Today’s decision will likely have an impact far beyond New York state, according to Matt Coles, Director of the ACLU Lesbian & Gay Rights Project. The court based its decision on the landmark 1971 U.S. Supreme Court decision striking down Duke Power Company’s requirement that upper-level employees have high school diplomas because it had the effect of keeping African Americans out of jobs.
“Most state courts rely on the Duke Power case and similar federal decisions to interpret state anti-discrimination laws,” Coles said. “This court’s analysis of the Duke Power case means the decision will be important way beyond the borders of New York State.”

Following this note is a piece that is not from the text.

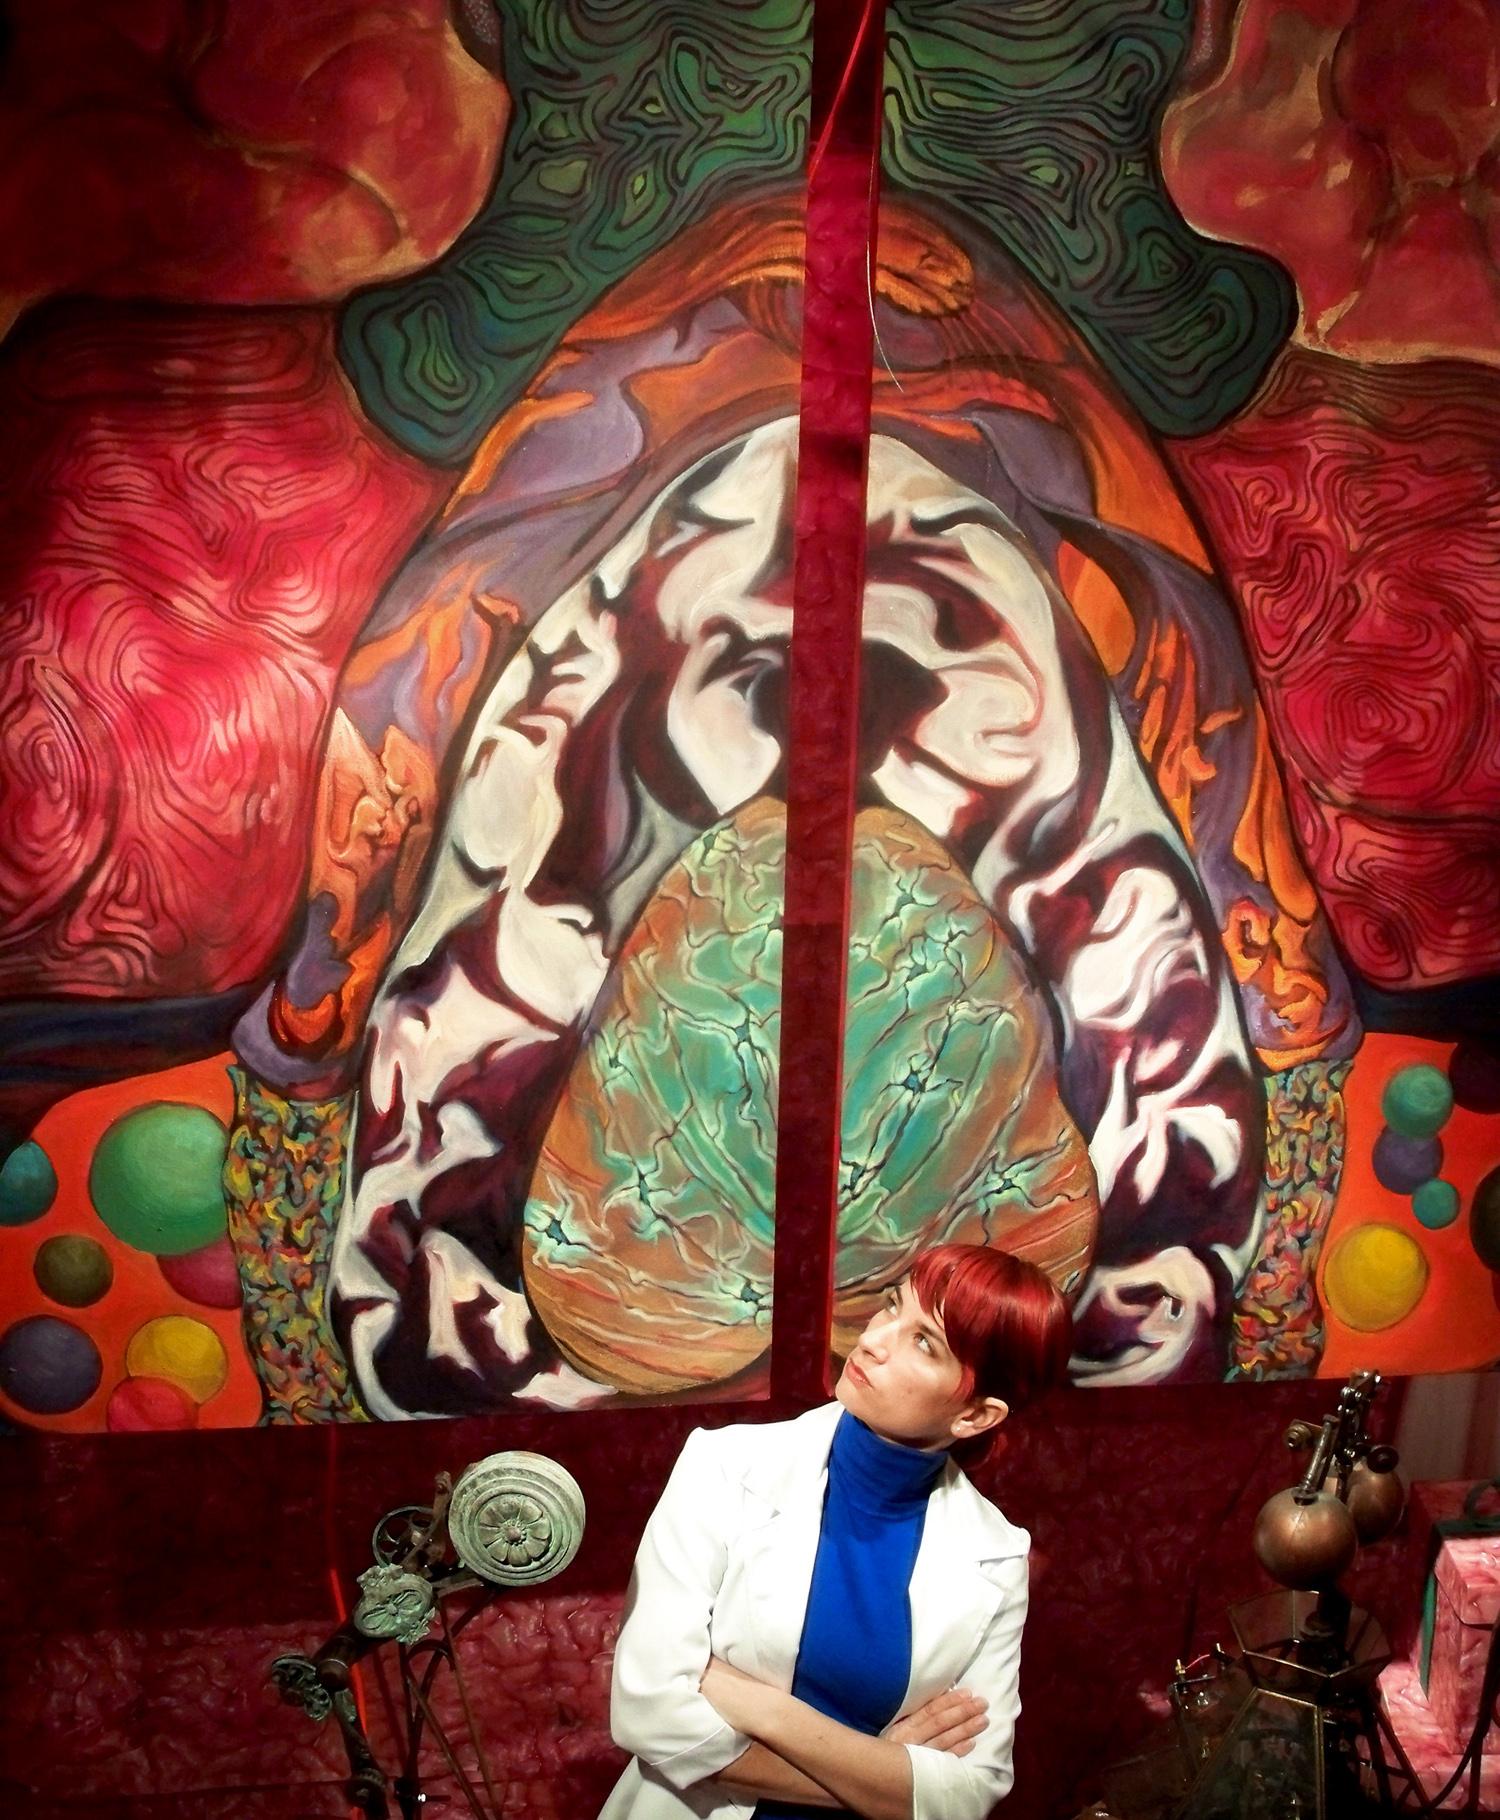 Performer inside installation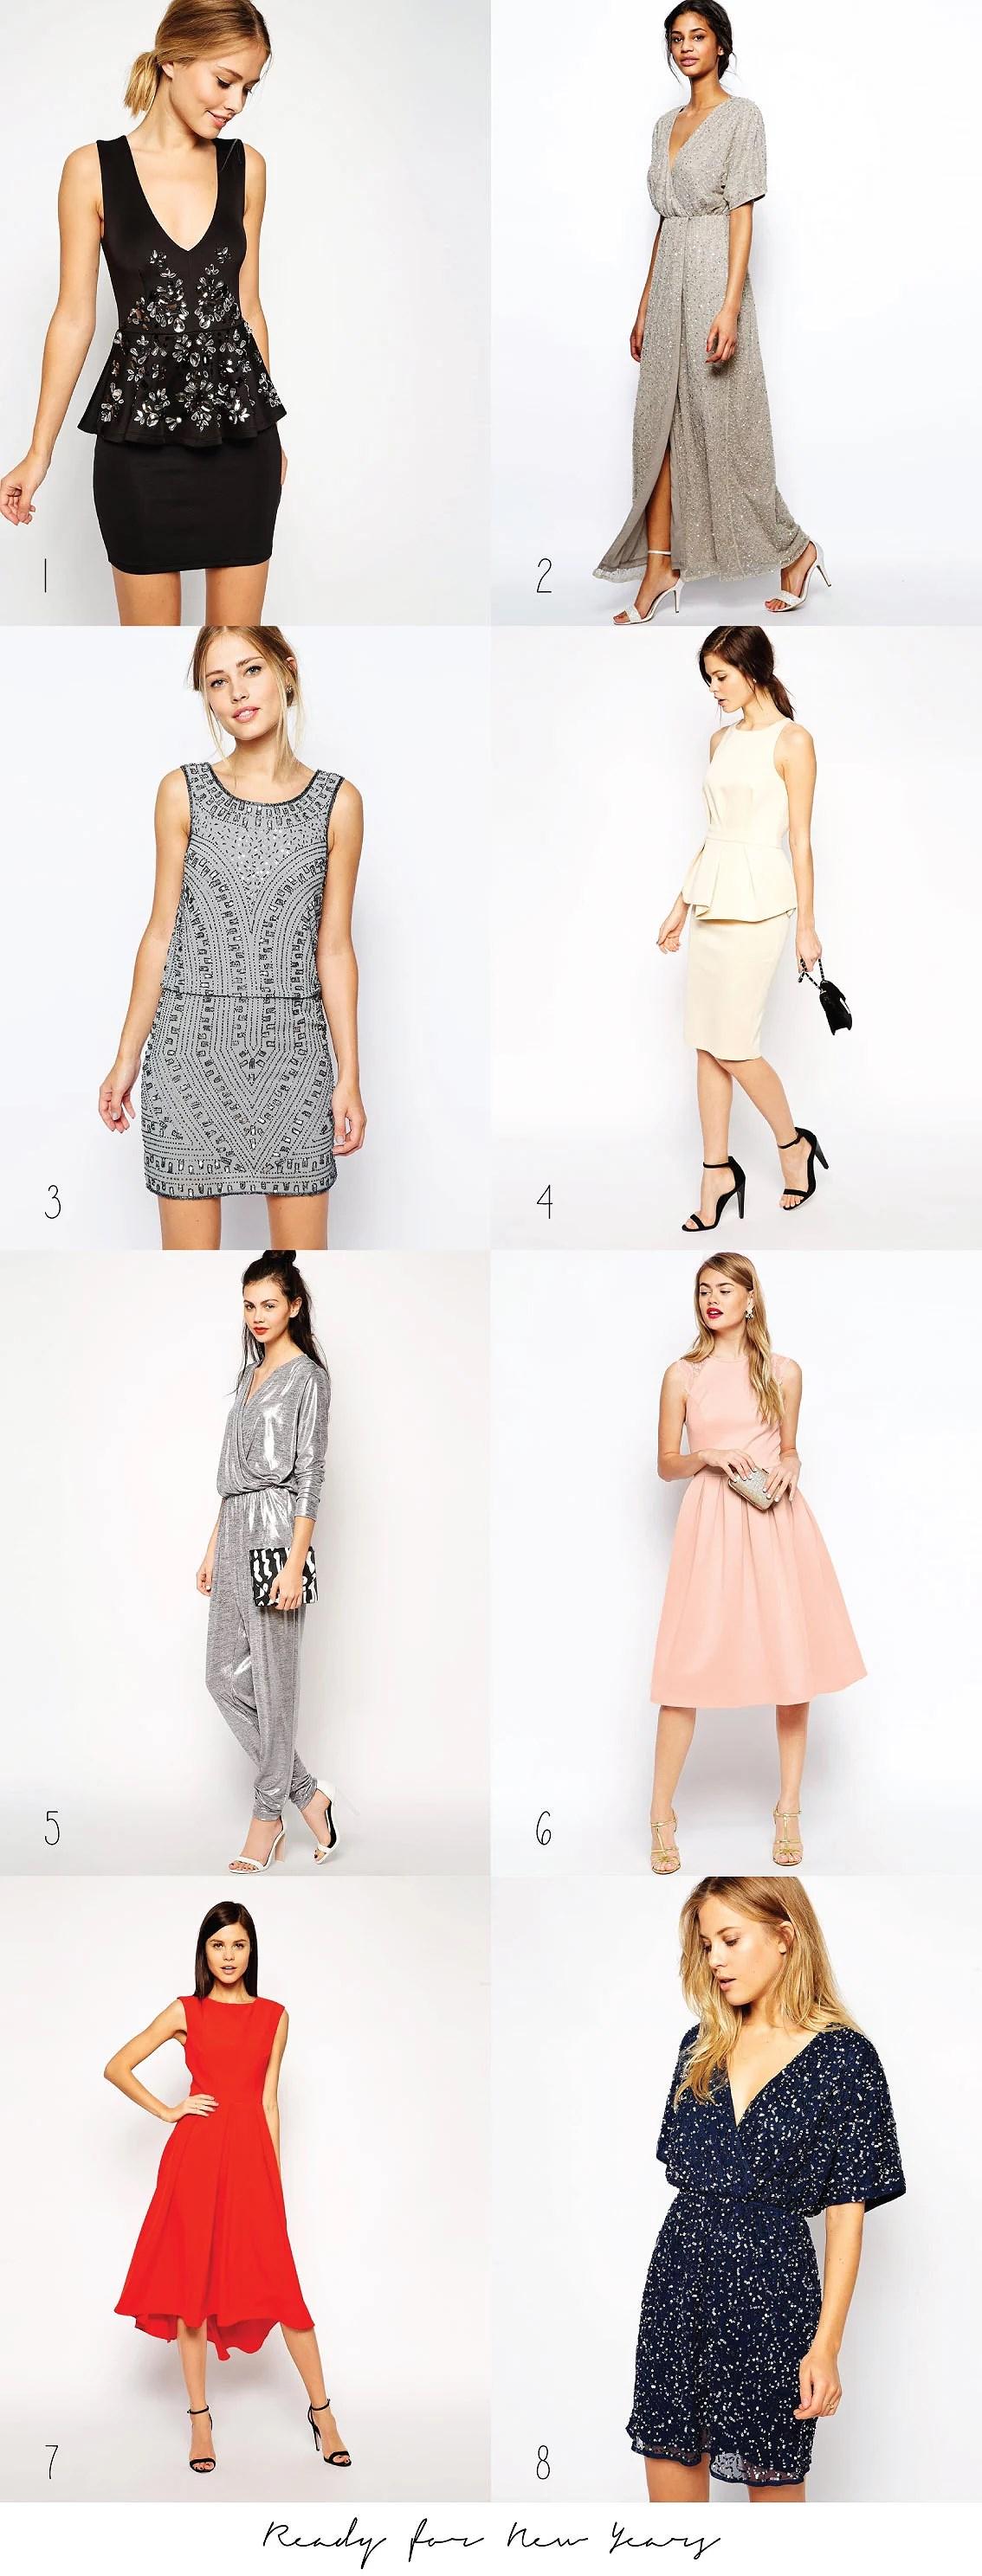 It's My Passions, modeblogger, Julie Mænnchen, Nytårskjoler, Flotte nytårskjoler

The lawsuit against Yeshiva University is the first in the nation challenging a policy that offers subsidized housing to graduate students and their married spouses. Hundreds of universities nationwide offer such housing – and about half of them exclude lesbian and gay couples, who then pay hundreds of dollars a month in extra rent and commuting costs to live off-campus.
As a result of the lawsuit, ACLU campus groups and gay student organizations began working to change similar policies at universities nationwide. The University of California in Santa Barbara changed its policy as result, and others – including Tulane University and Colorado State University – clarified their policies to provide equal benefits to same-sex couples.
The ACLU lawsuit, initially filed in 1998, charged that Yeshiva’s housing policy violates New York City law barring discrimination based on sexual orientation, as well as state law prohibiting marital status discrimination. Today’s ruling allowed the marital status claim to be dismissed.
Since Yeshiva is not a religious institution (with the exception of certain programs), attorneys for the university have not made any claims that the anti-gay housing policy has anything to do with religion. Instead, Yeshiva University said the ACLU’s problem was actually with the state’s marriage laws, which were not the university’s fault.
In her concurrence of today’s unanimous decision, Chief Judge Judith Kaye disagreed today. “The state marriage law merely defines who can and cannot marry,” she wrote. “It was not intended to permit landlords to violate New York City’s laws against housing discrimination.”